In this article I’ve described a universal solution that provides transparent access to the global internet bypassing censorship, uses cutting-edge traffic obfuscation, doesn’t depend on a single corporation, and most importantly has ample “safety margin” against interference from censors.
This article is aimed at “dummies” unfamiliar with the subject area. However, people “in the know” may also find something useful (for example, a slightly simpler setup for proxying via CloudFlare without having to run nginx on the VPS).
If you still don’t have a personal proxy to bypass censorship — this is your sign.
A couple of months ago, in the Amnezia Telegram chat discussing censorship circumvention, a no-name brought up the example of “a dentist from Chertanovo” who would like to spin up his own server but “couldn’t hack” the techy articles, isn’t ready to Google errors, and just needs a clear manual: do this and it will work.
I’m kind of a “dentist from Chertanovo” myself: I haven’t worked in IT for over 15 years.
I remember how a couple of years ago I bought a virtual server “to play with” and was afraid to type commands there, so it idled for the whole paid period. But eventually, censorship circumvention became my hobby, I figured things out, and now I’m writing this piece with my past self in mind: back then I would have been glad to find an instruction like this.

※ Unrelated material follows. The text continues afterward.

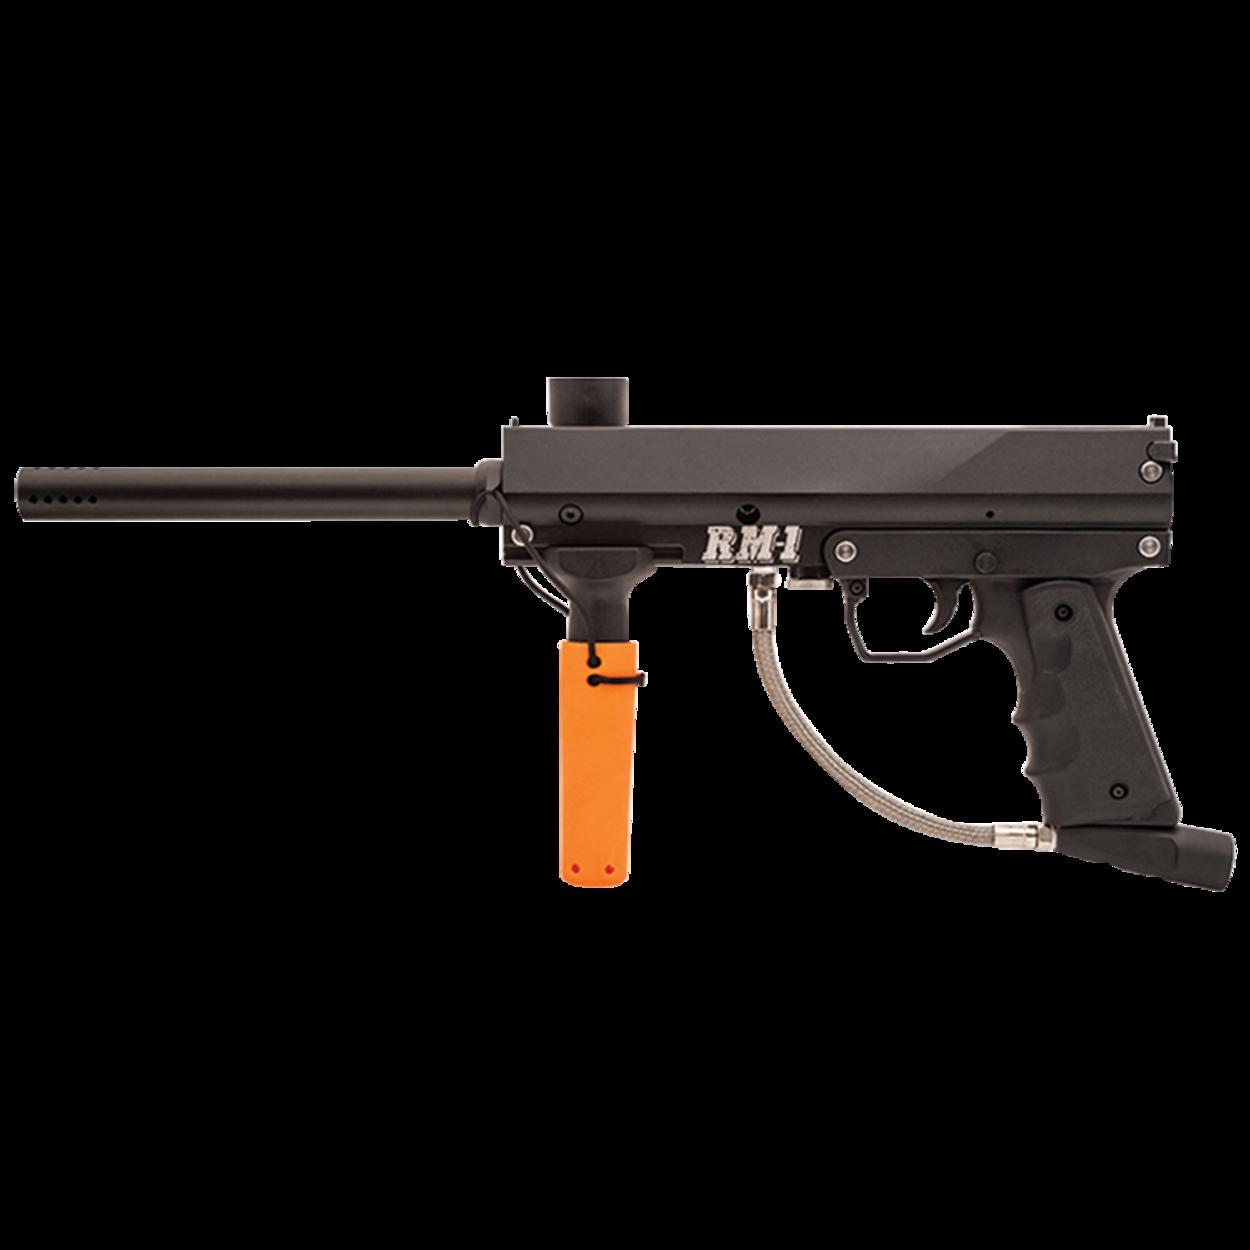 Valken RM-1 Rental Marker Paintball Gun Cal. 68 - BK

I consider the proposed solution universal. That’s my subjective opinion backed by my own experience as well as that of like‑minded folks (not all of them:) from the TG chat where we discuss setting up and operating various proxies and VPNs. (note this is a chat, not a channel; I’m not its owner/moderator and it’s not monetized at the moment. Just a place to ask questions and share experience on the topic.)
Surely there will be readers who find the solution in this article excessive — or, conversely, insufficient (if so — feel free to jump into the comments). Still, I dare claim that once you set up a proxy following this guide, you’ll forget about censorship issues for a long time.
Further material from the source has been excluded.